Testing Strategies for Adapter Implementations
Adapters dramatically improve testability. Instead of mocking complex third-party clients, you mock your own interface:
// Mock adapter for testing
type MockCache struct {
data map[string][]byte
getCalls int
setCalls int
}
func NewMockCache() *MockCache {
return &MockCache{data: make(map[string][]byte)}
}
func (m *MockCache) Get(ctx context.Context, key string) ([]byte, error) {
m.getCalls++
if val, ok := m.data[key]; ok {
return val, nil
}
return nil, ErrCacheMiss
}
func (m *MockCache) Set(ctx context.Context, key string, value []byte, ttl time.Duration) error {
m.setCalls++
m.data[key] = value
return nil
}
func (m *MockCache) Delete(ctx context.Context, key string) error {
delete(m.data, key)
return nil
}
// Test using the mock
func TestUserService_GetUser(t *testing.T) {
cache := NewMockCache()
cache.data["user:123"] = []byte(`{"id":"123","name":"Alice"}`)
service := NewUserService(cache)
user, err := service.GetUser(context.Background(), "123")
if err != nil {
t.Fatalf("unexpected error: %v", err)
}
if user.Name != "Alice" {
t.Errorf("expected Alice, got %s", user.Name)
}
if cache.getCalls != 1 {
t.Errorf("expected 1 cache get, got %d", cache.getCalls)
}
}
Your tests run without Redis connections, network calls, or external service dependencies.

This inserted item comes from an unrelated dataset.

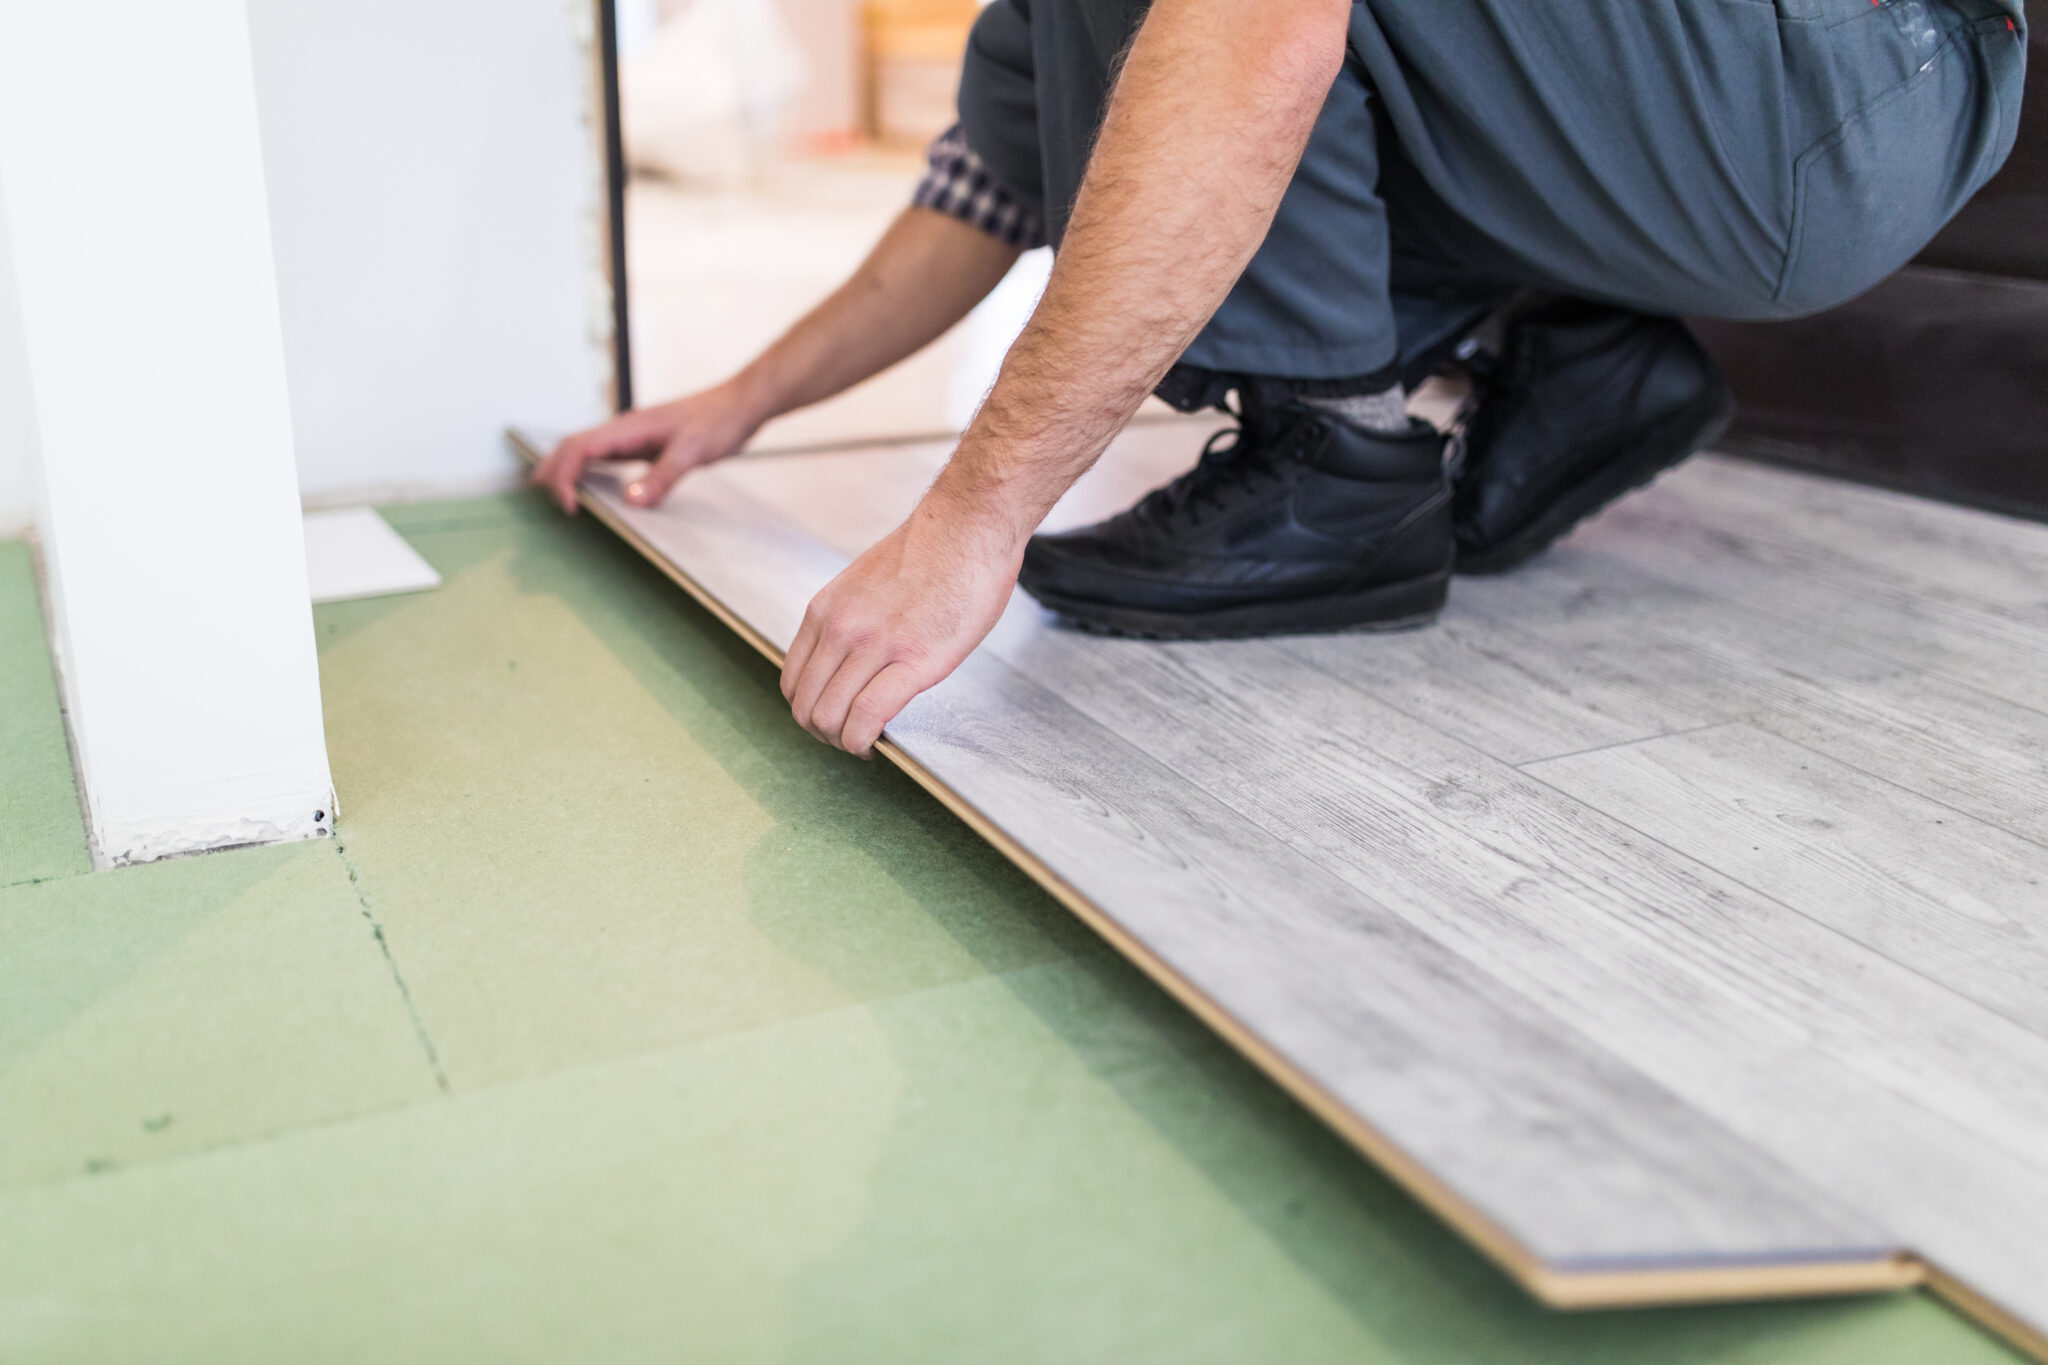 Young worker laying a floor with bright laminated flooring boards

The mock implements the same interface your real adapter does.
Best Practices and Common Pitfalls
Keep adapters thin. An adapter’s job is translation, nothing more. The moment you add validation, business rules, or conditional logic, you’ve created a hybrid that’s hard to test and reason about. If you find yourself writing complex logic in an adapter, that logic belongs in a service layer.
Watch for over-abstraction. Not every external dependency needs an adapter. If you’re using a well-designed library that already matches your needs, wrapping it adds indirection without benefit. Adapters make sense at true boundaries—where interfaces genuinely mismatch or where you need swappability.
Consider performance. Each adapter adds a function call and potential memory allocation. For hot paths processing millions of requests, measure the overhead. In most applications, the cost is negligible compared to network I/O, but don’t assume—profile when it matters.
Error handling belongs in adapters. Translating third-party error types to your domain’s error types is legitimate adapter work. Wrapping errors with context (fmt.Errorf("redis get failed: %w", err)) makes debugging easier without leaking implementation details.
Name adapters clearly. StripePaymentAdapter beats PaymentAdapter or StripeWrapper. The name should indicate both what it wraps and what interface it satisfies.
Adapters are a tool for managing complexity at boundaries. Use them where interfaces genuinely conflict, where testability matters, or where you need implementation flexibility. Skip them when direct usage is cleaner.